(TASK BRIEF) Restate the listing below word for word; no pictures belong in the copy.

(PROVIDED DATA)
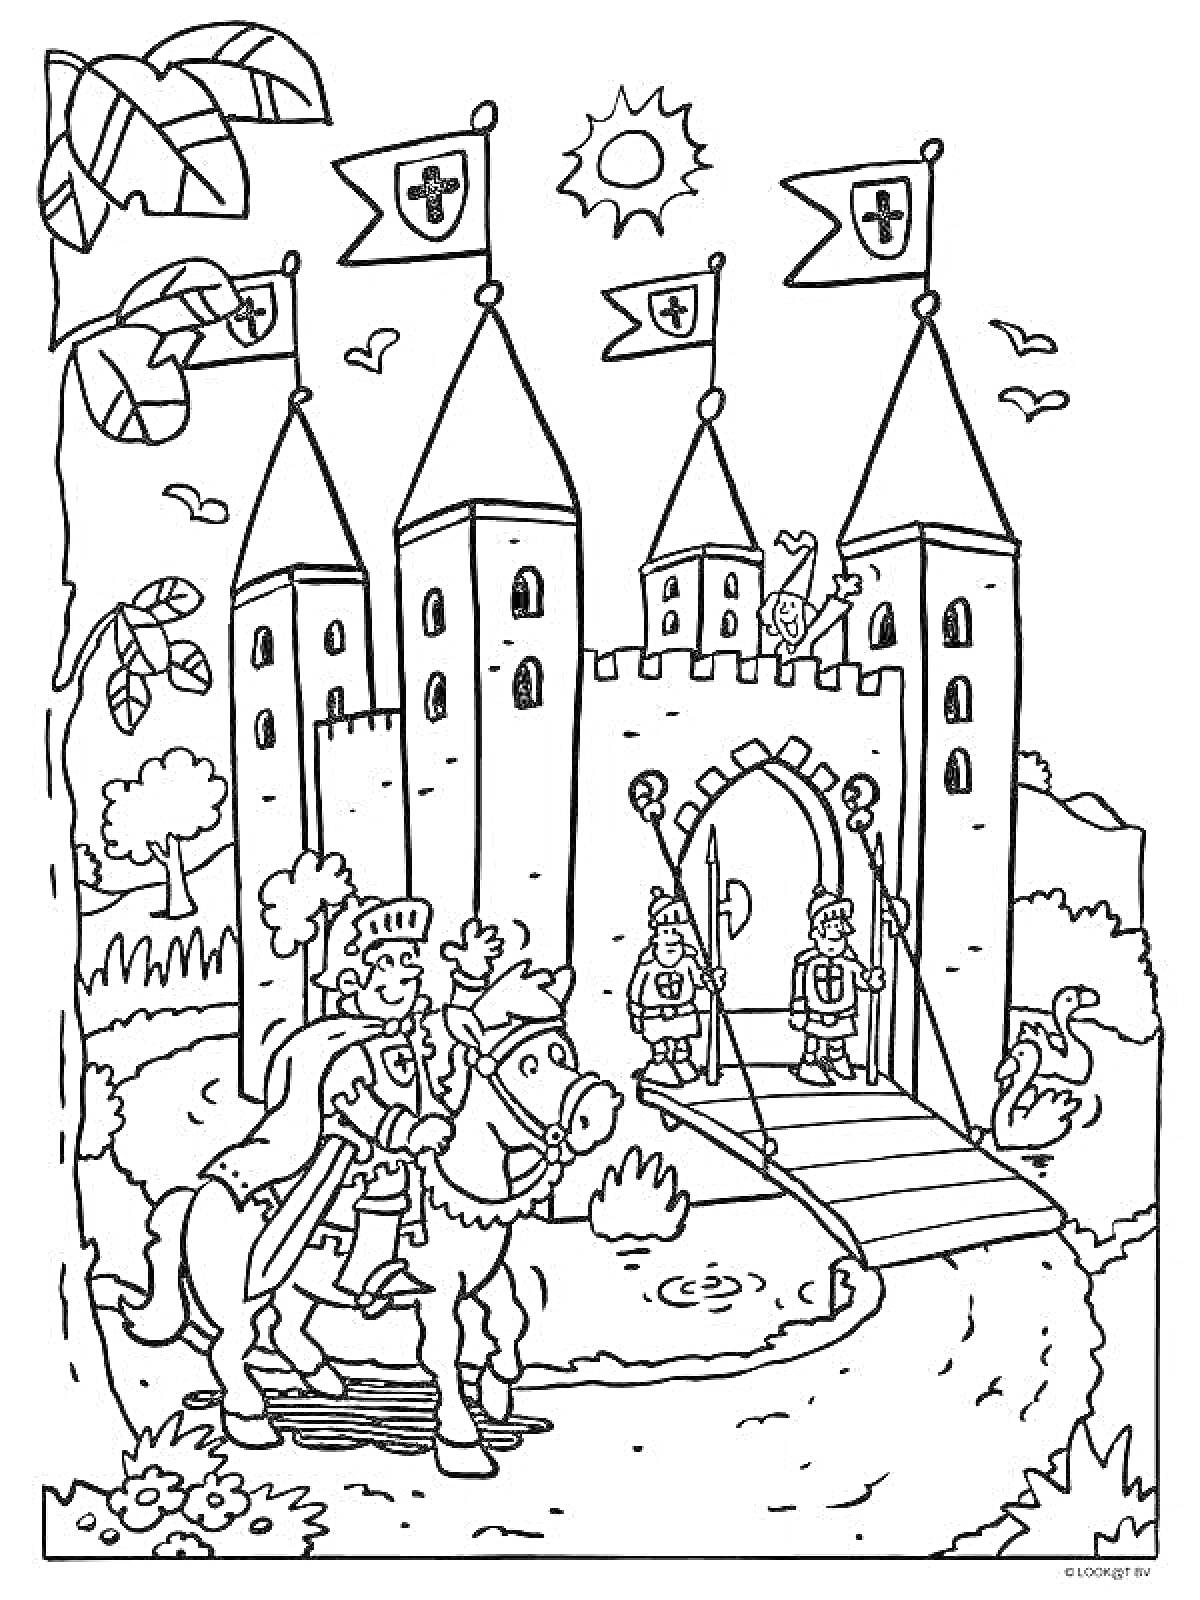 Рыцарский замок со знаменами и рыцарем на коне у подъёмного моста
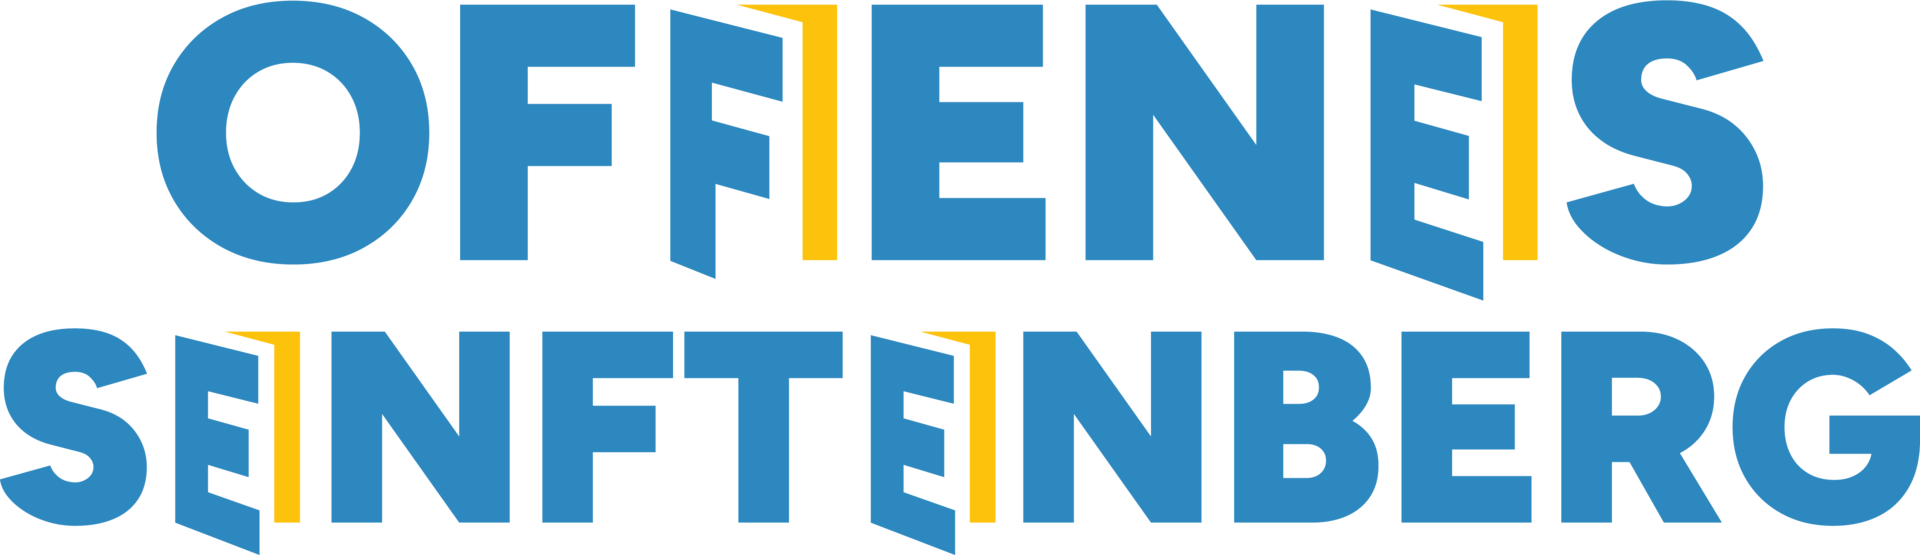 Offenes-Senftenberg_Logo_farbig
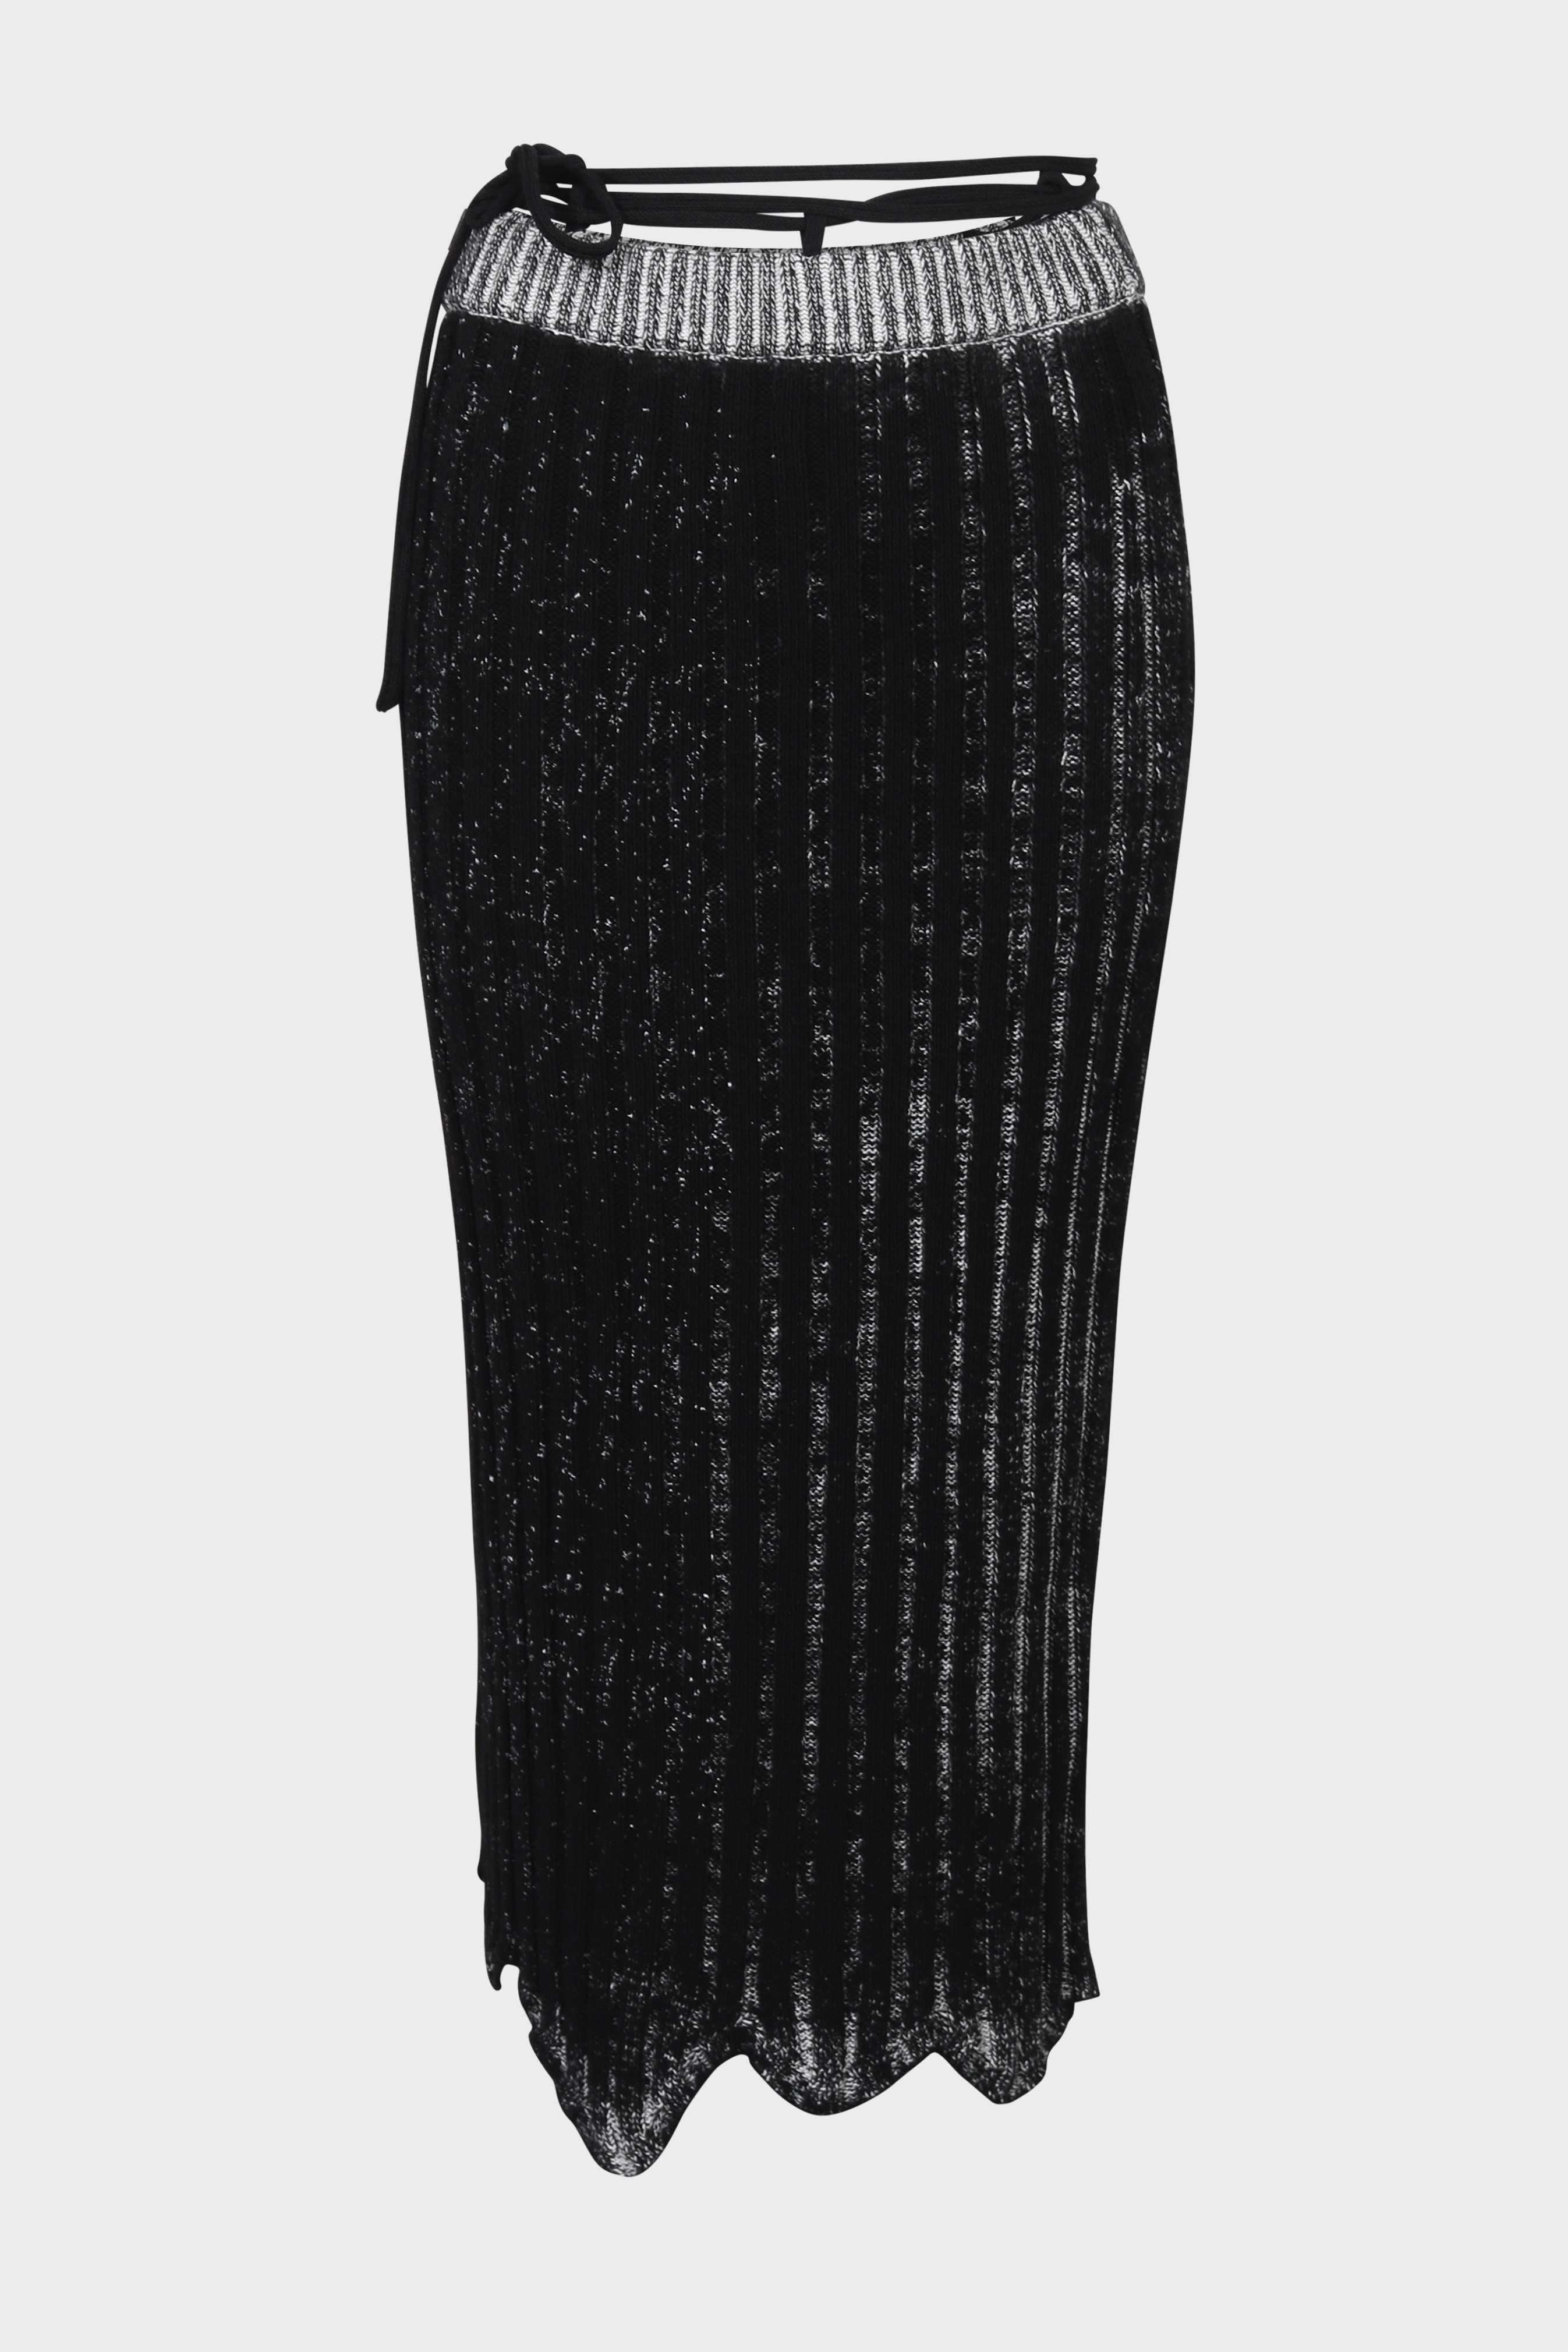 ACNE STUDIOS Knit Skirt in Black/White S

(OUTPUT)
 Рыцарский замок со знаменами и рыцарем на коне у подъёмного моста
 Offenes-Senftenberg_Logo_farbig
 ACNE STUDIOS Knit Skirt in Black/White S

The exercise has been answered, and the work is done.